Besides being used within a WCF client/server interaction, the dynamic dictionary can also be used when we’re doing stand-alone serialization – think storage of an “object” in a database for later retrieval, for example. That is especially the case if there are many instances of the same type, which would benefit from “dictionarizing” the member names. I haven’t seen any examples out there, so I’ll post one way where it can be done here.

<warning>The code below works, but it does not have any security / validity checks to keep it small for informational purposes. If you’re planning on using it on any production system, please, pretty please you’ll need to add some validation, especially in the class MyReaderSession below.</warning>

Basically, we need to find out which strings have been added to the writer session, and then we add those strings to the “serialized” object itself (it needs to go prior to the serialized part, since in order to deserialize the object we need to know the contents of the dynamic dictionary). The class XmlBinaryWriterSession doesn’t give a direct way to find out which strings have been added to it, but it’s a simple matter of deriving from that class and overriding the TryAdd method:

  1. class MyWriterSession : XmlBinaryWriterSession
  2. {
  3.     List<string> dictionaryStrings = new List<string>();
  4.     public override bool TryAdd(XmlDictionaryString value, out int key)
  5.     {
  6.         bool result = base.TryAdd(value, out key);
  7.         if (result)
  8.         {
  9.             this.dictionaryStrings.Add(value.Value);
  10.         }
  11.  
  12.         return result;
  13.     }
  14.  
  15.     public void SaveDictionaryStrings(Stream stream)
  16.     {
  17.         MemoryStream ms = new MemoryStream();
  18.         foreach (string dicString in this.dictionaryStrings)
  19.         {
  20.             byte[] stringBytes = Encoding.UTF8.GetBytes(dicString);
  21.             this.WriteMB31(ms, stringBytes.Length);
  22.             ms.Write(stringBytes, 0, stringBytes.Length);
  23.         }
  24.  
  25.         this.WriteMB31(stream, (int)ms.Position);
  26.         ms.Position = 0;
  27.         ms.CopyTo(stream);
  28.     }
  29.  
  30.     private void WriteMB31(Stream stream, int value)
  31.     {
  32.         byte b = (byte)(value & 0x7F);
  33.         while (value > 0x7F)
  34.         {
  35.             stream.WriteByte((byte)(b | 0x80));
  36.             value = value >> 7;
  37.             b = (byte)(value & 0x7F);
  38.         }
  39.  
  40.         stream.WriteByte((byte)(b & 0x7F));
  41.     }
  42. }

We can then use that new session to initialize a binary writer which will be then passed to the DataContractSerializer. The method MyWriterSession.SaveDictionaryStrings in the derived writer session class uses the same format as used by the dynamic dictionary in WCF to save the string table to the output stream. And we copy the serialized object to the result stream, right after the string table.

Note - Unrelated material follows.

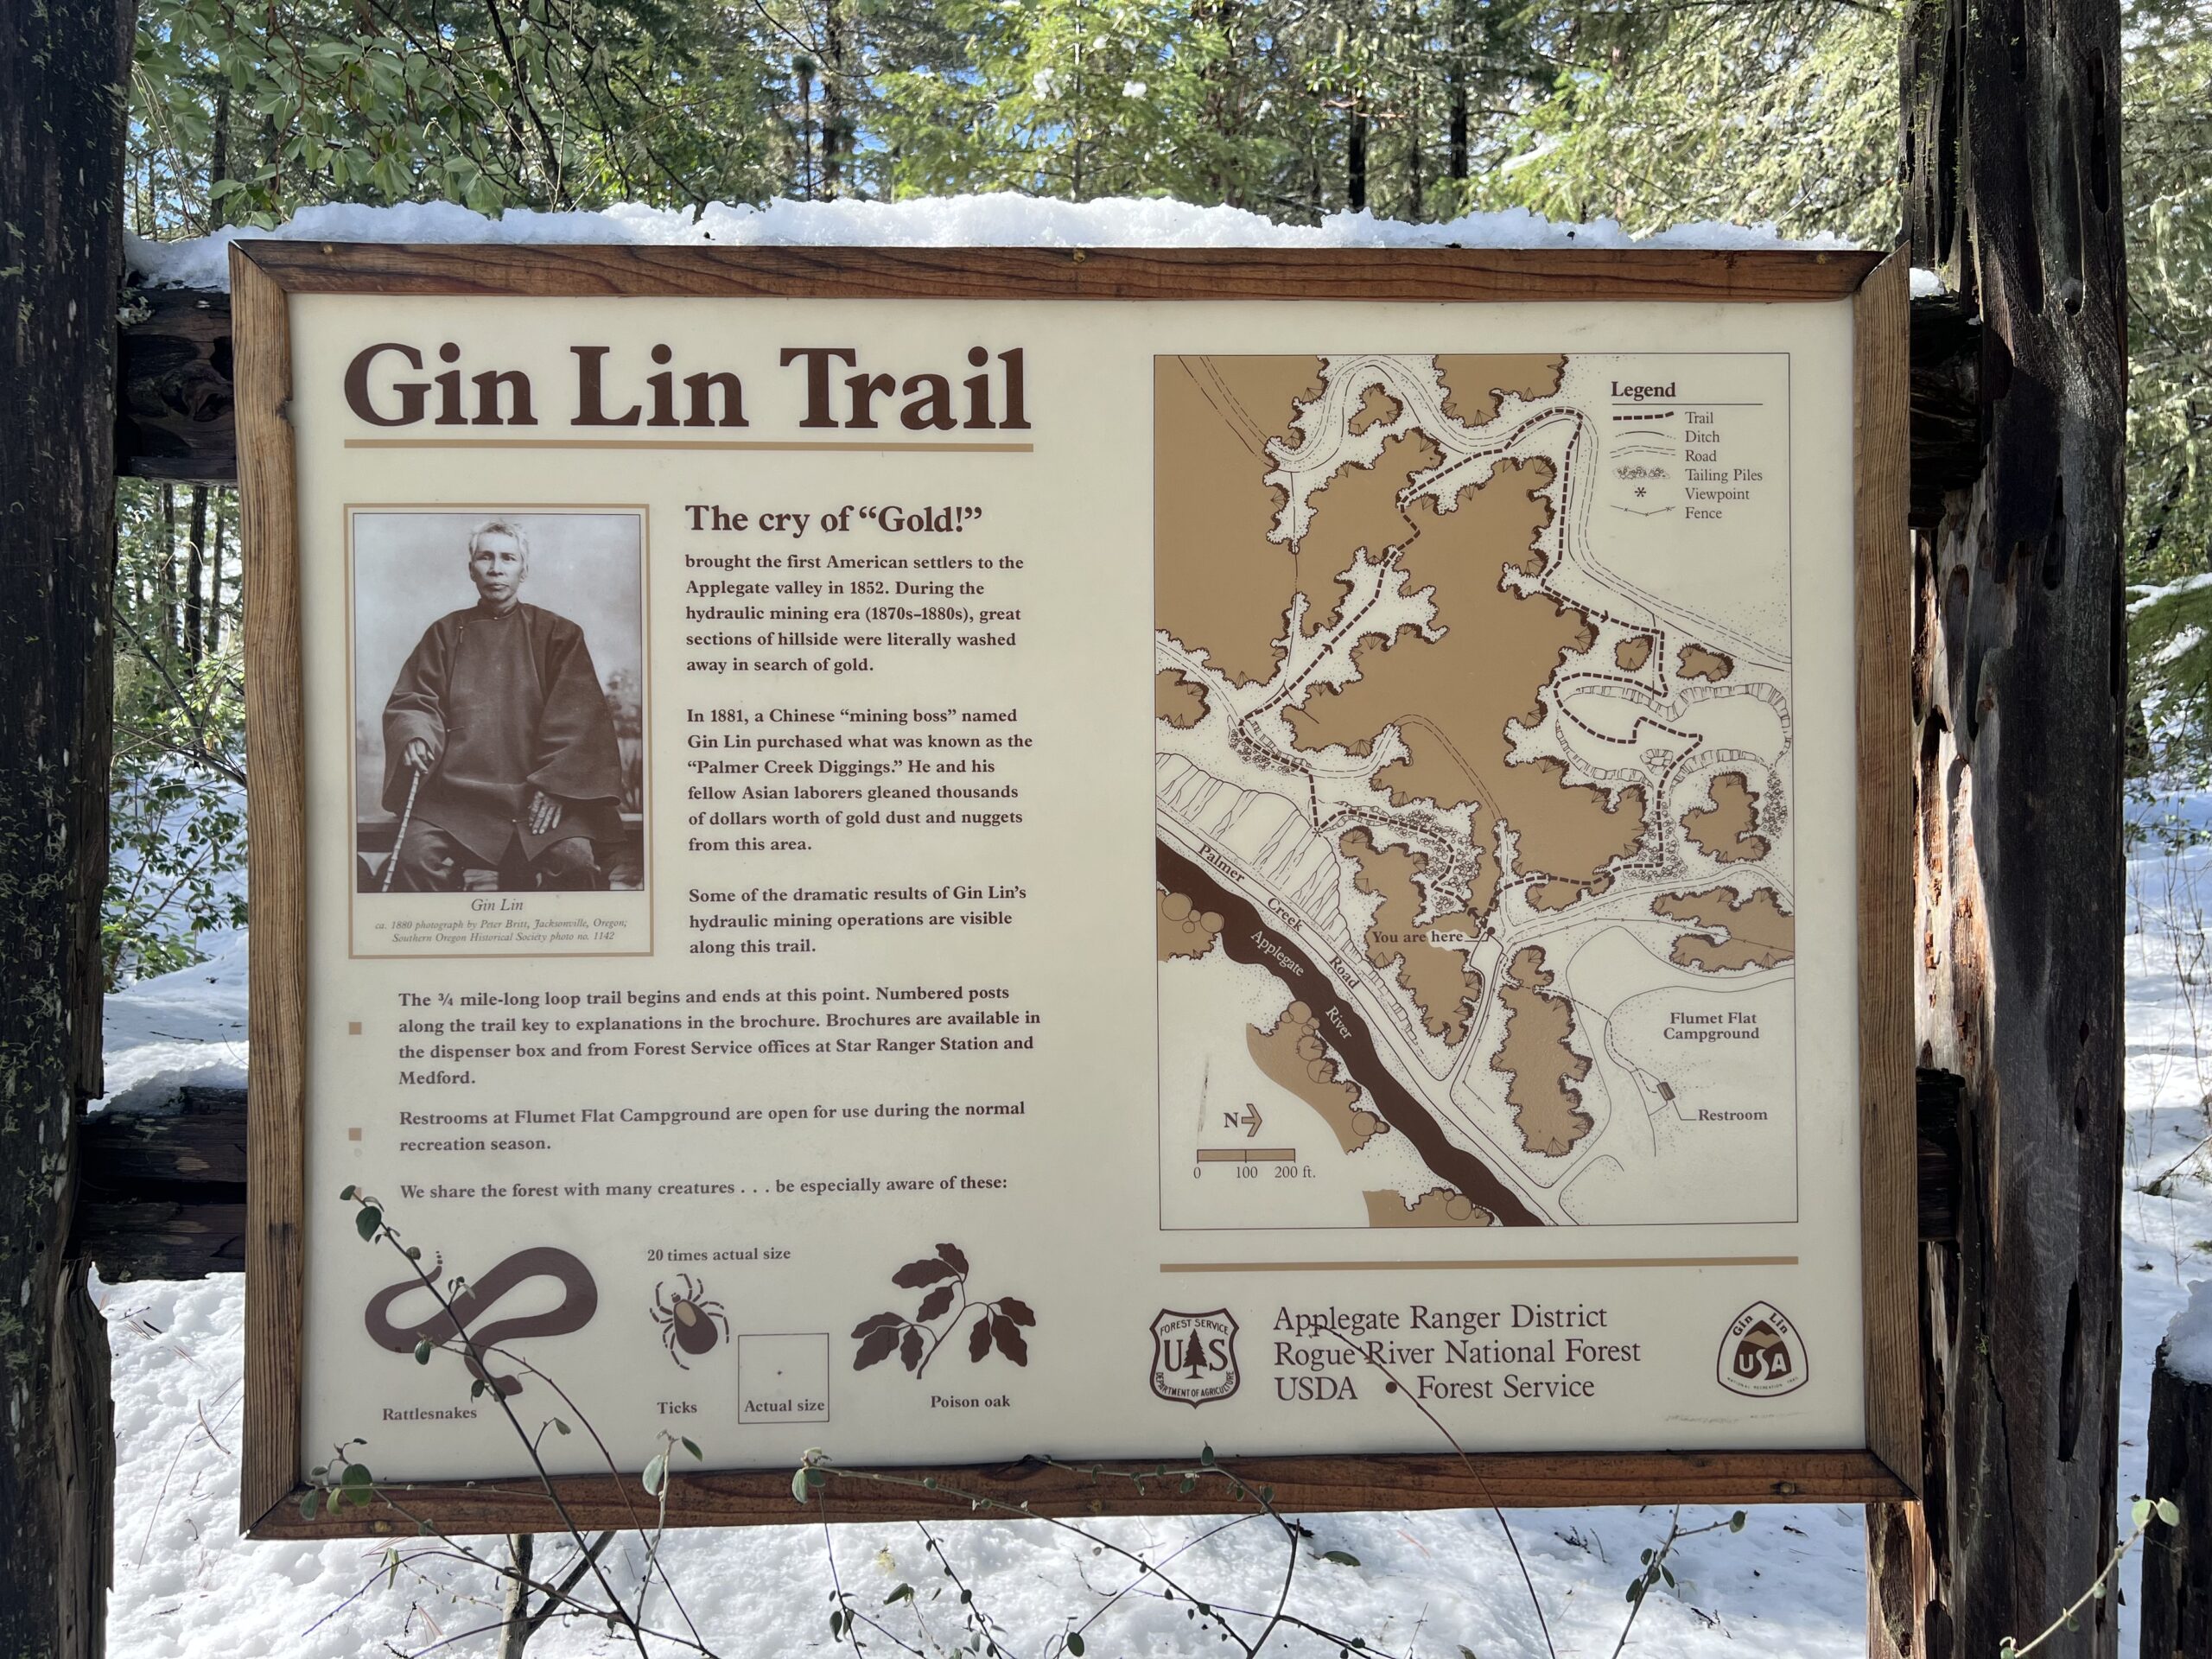 Gin Lin Trail map and history on a sign in front of the trail in a snowy Grants Pass

  1. MemoryStream ms = new MemoryStream();
  2. MyWriterSession writerSession = new MyWriterSession();
  3. XmlDictionaryWriter xdw = XmlDictionaryWriter.CreateBinaryWriter(ms, null, writerSession);
  4. DataContractSerializer dcs = new DataContractSerializer(typeof(List<Character>));
  5. dcs.WriteObject(xdw, listOfCharacters);
  6. xdw.Flush();
  7. MemoryStream result = new MemoryStream();
  8. writerSession.SaveDictionaryStrings(result);
  9. ms.Position = 0;
  10. ms.CopyTo(result);

During deserialization, the receiver first needs to recreate Next, the reader session needs to be created based on the string table. This helper class below accomplishes that, creating a XmlBinaryReaderSession object which can be passed directly to the CreateBinaryReader method.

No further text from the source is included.